Why so lonely on the hill?
Why thy pipe by thee so still,
That erewhile was heard so shrill?
Tell me, do thy kine now fail
To fulfil the milking-pail?
Say, what is't that thou dost ail?
THYR. None of these; but out, alas!
A mischance is come to pass,
And I'll tell thee what it was:
See, mine eyes are weeping ripe.
LACON. Tell, and I'll lay down my pipe.
THYR. I have lost my lovely steer,
That to me was far more dear
Than these kine which I milk here;
Broad of forehead, large of eye,
Party-colour'd like a pye,
Smooth in each limb as a die;
Clear of hoof, and clear of horn,
Sharply pointed as a thorn;
With a neck by yoke unworn,
From the which hung down by strings,
Balls of cowslips, daisy rings,
Interplaced with ribbonings;
Faultless every way for shape;
Not a straw could him escape,
Ever gamesome as an ape,
But yet harmless as a sheep.
Pardon, Lacon, if I weep;
Tears will spring where woes are deep.
Now, ai me! ai me!
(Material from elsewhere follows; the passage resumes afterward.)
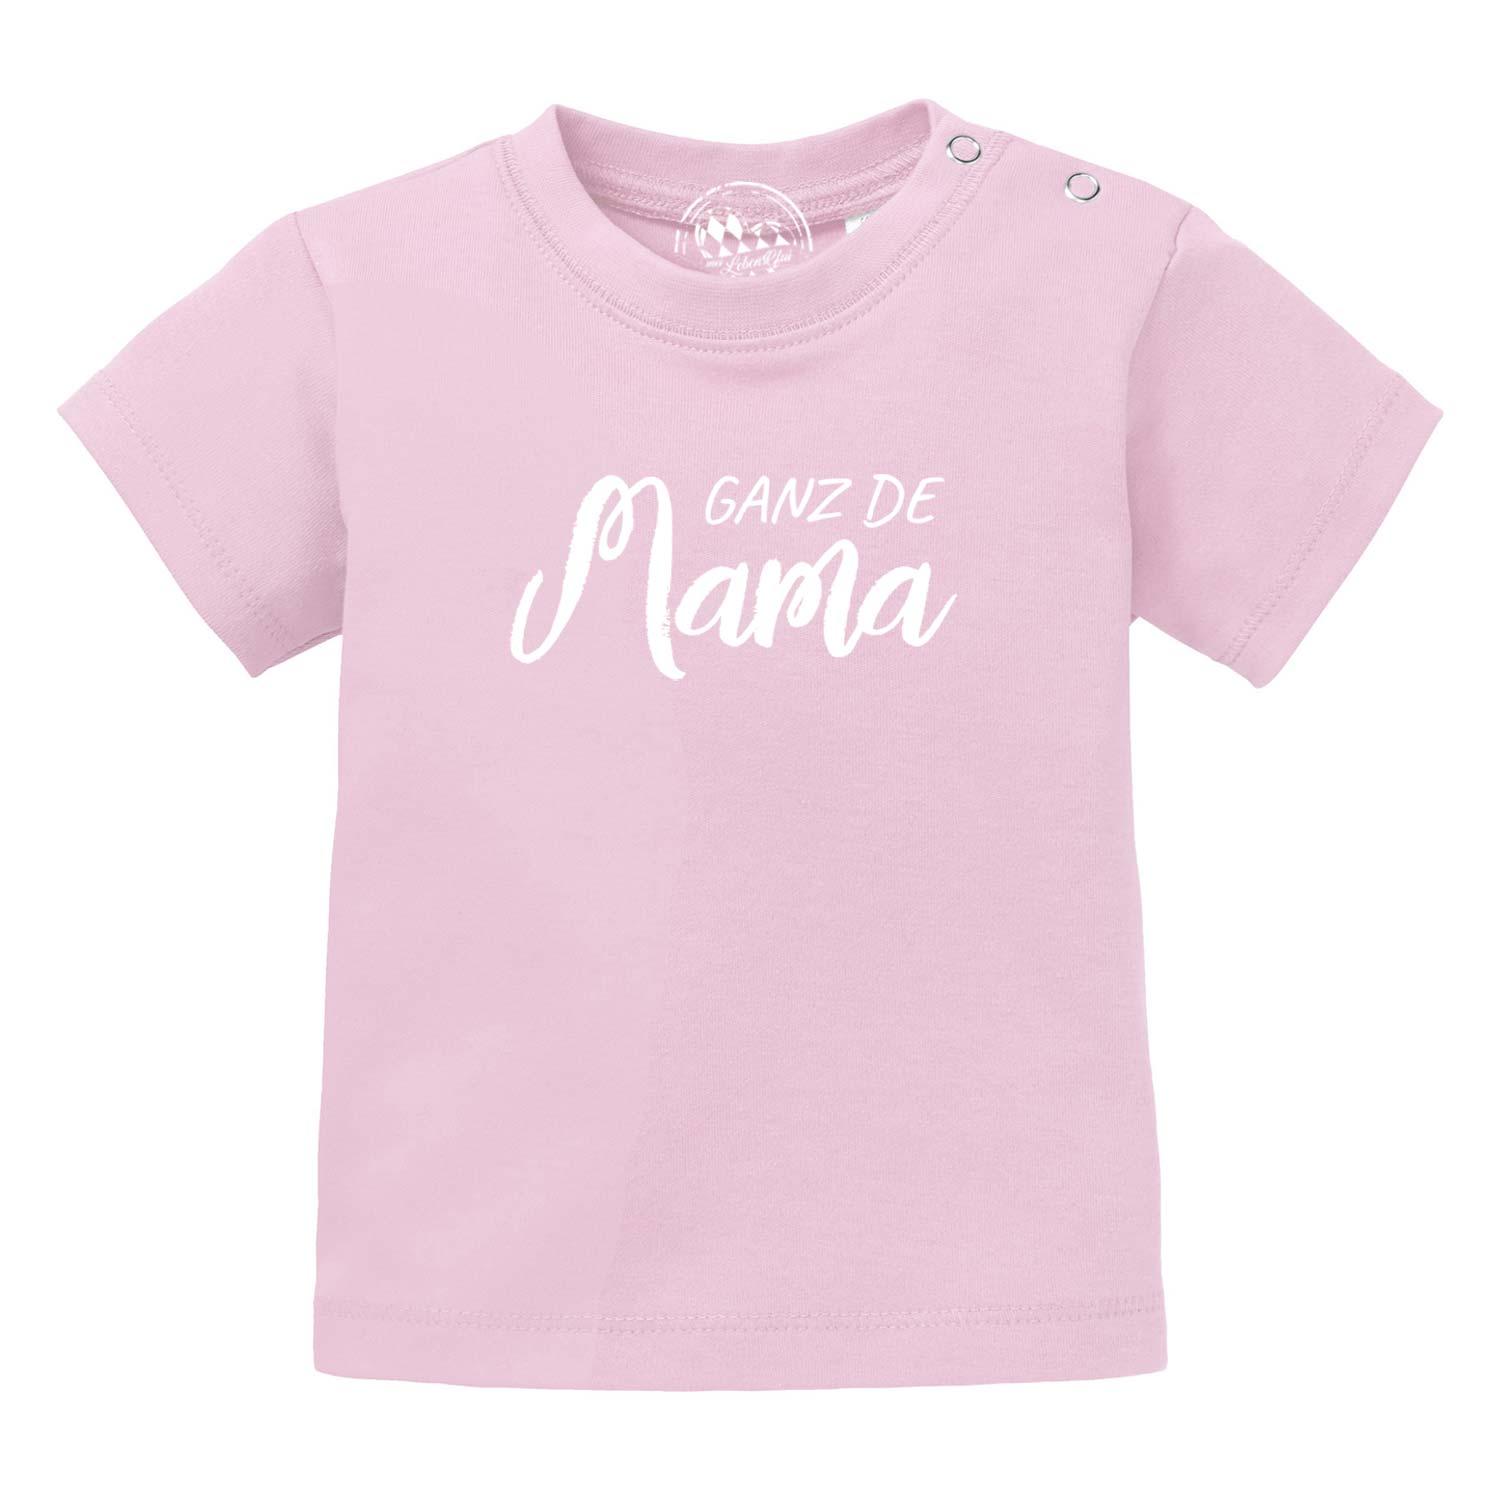 Baby T-Shirt "Ganz de Mama…" - bavariashop - mei LebensGfui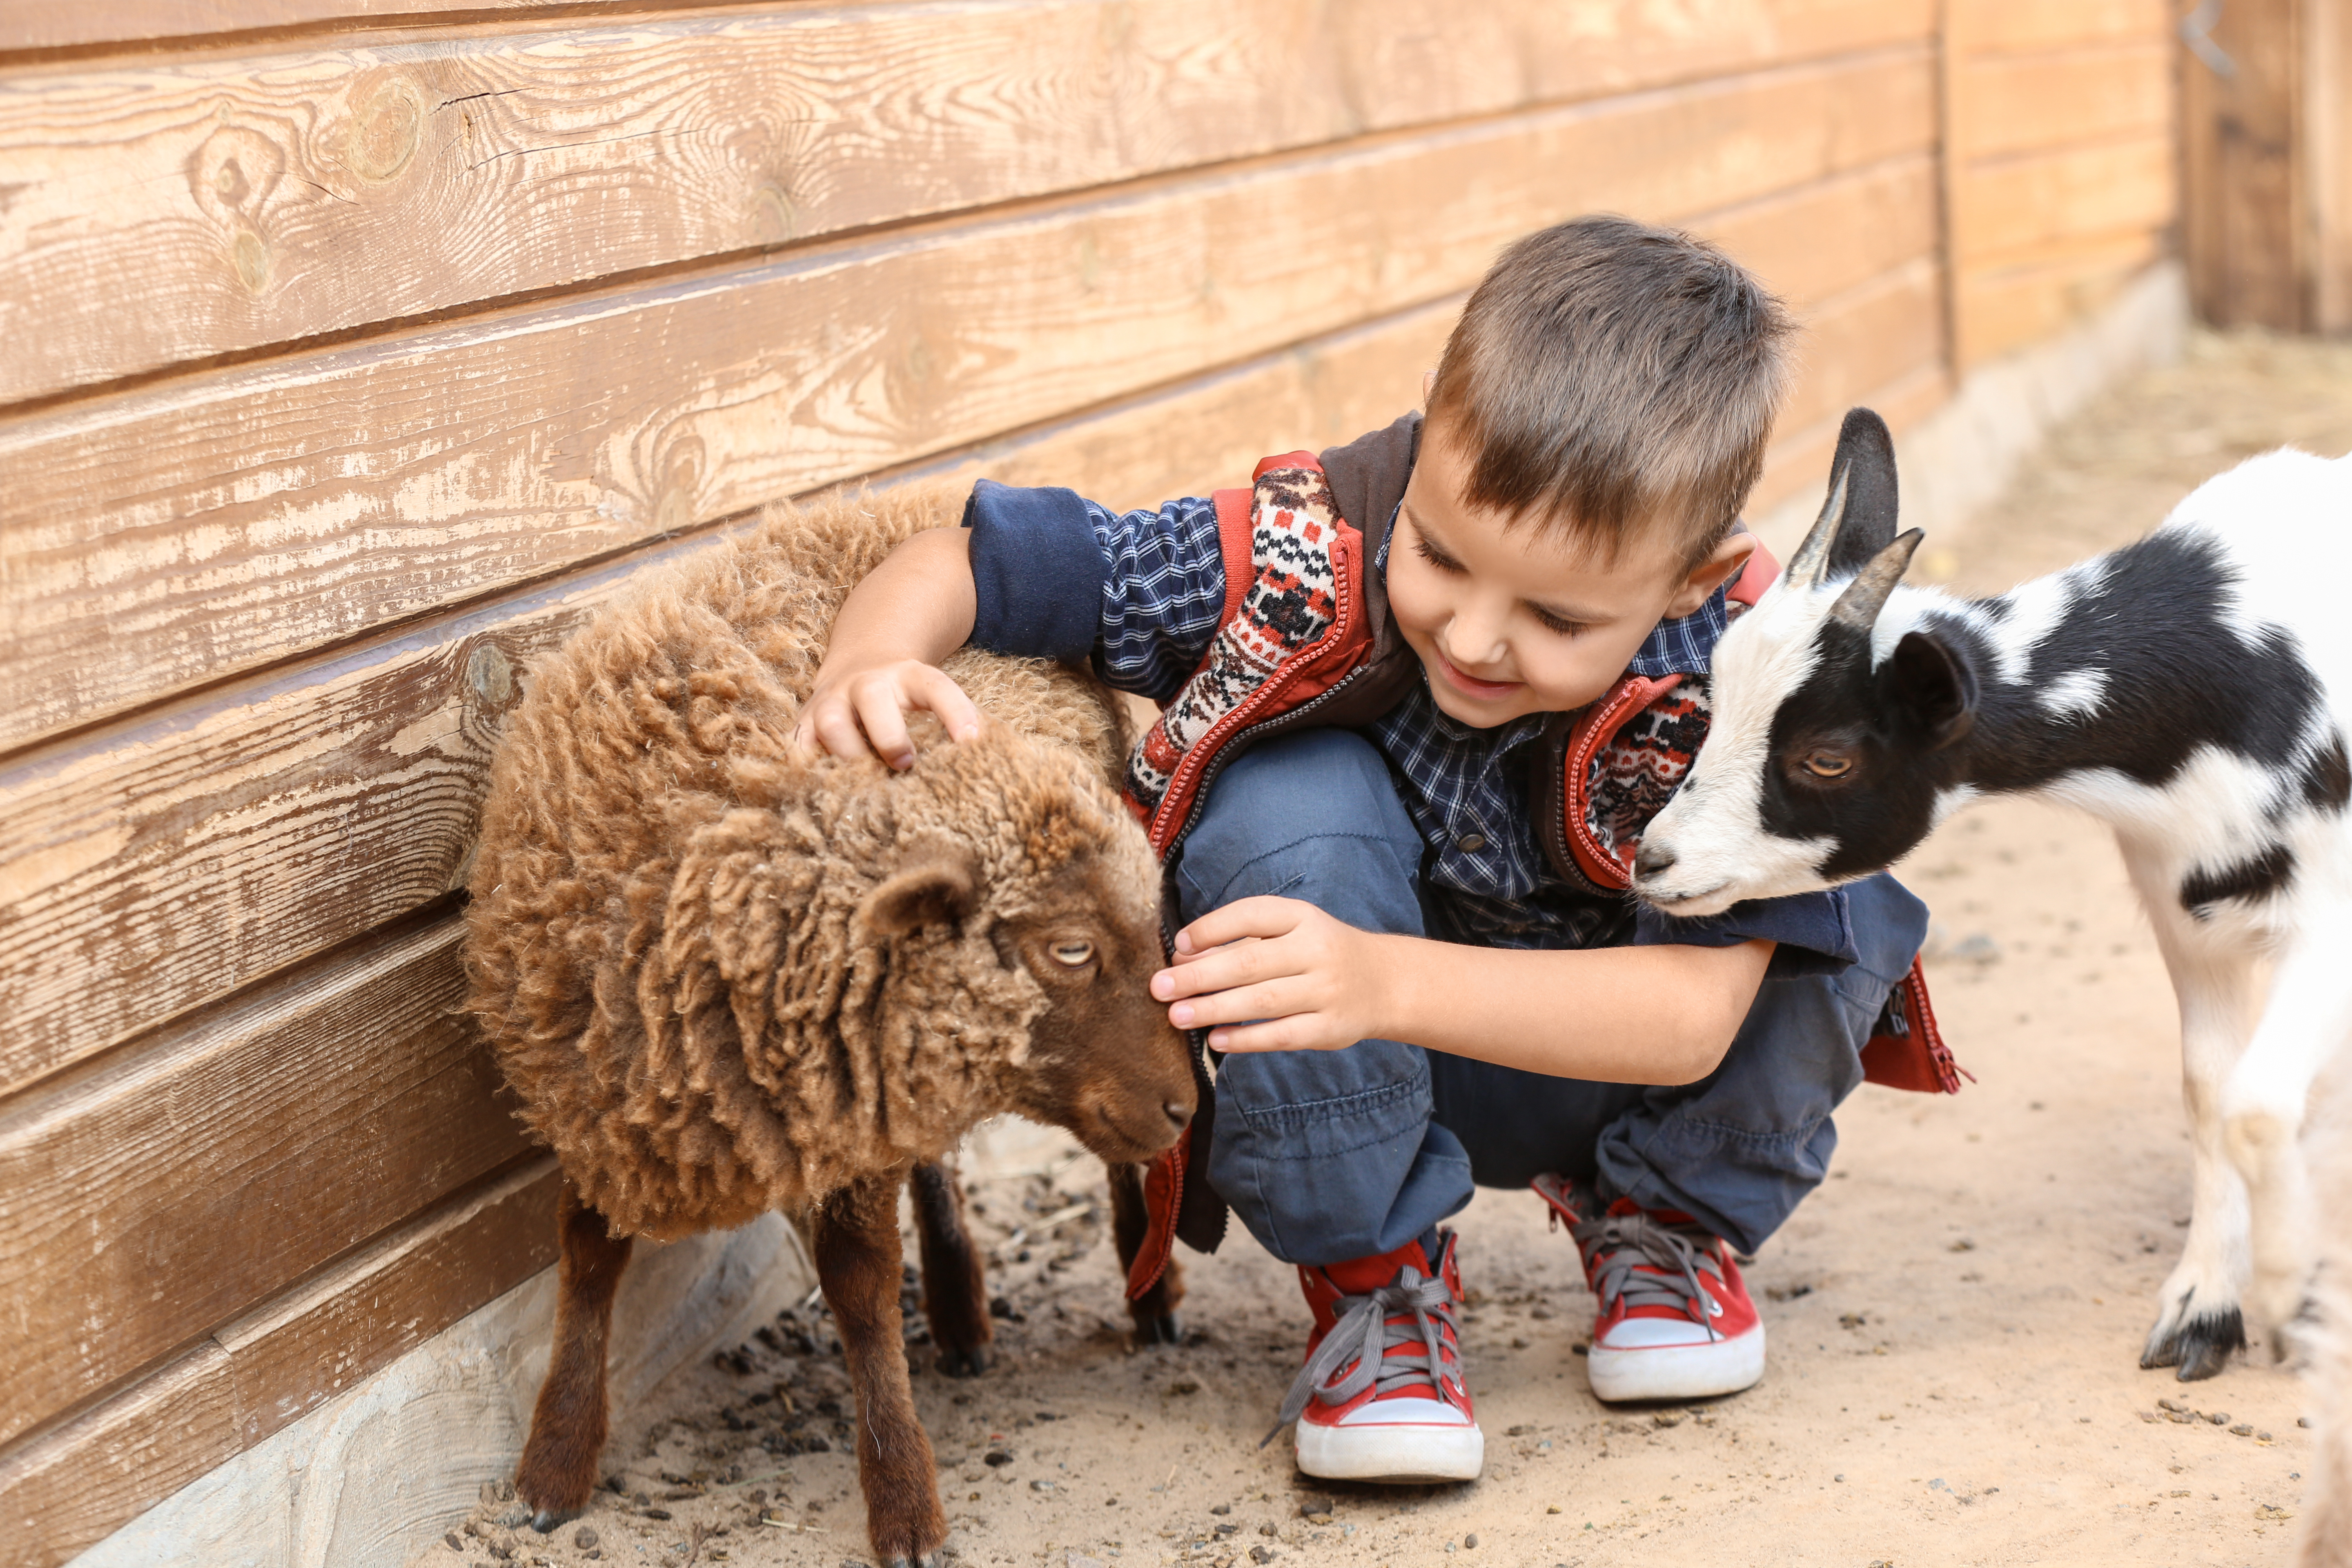 Child petting a sheep

Last night
Came a mad dog, and did bite,
Ay, and kill'd my dear delight.
LACON. Alack, for grief!
THYR. But I'll be brief.
Hence I must, for time doth call
Me, and my sad playmates all,
To his evening funeral.
Live long, Lacon; so adieu!
LACON. Mournful maid, farewell to you;
Earth afford ye flowers to strew!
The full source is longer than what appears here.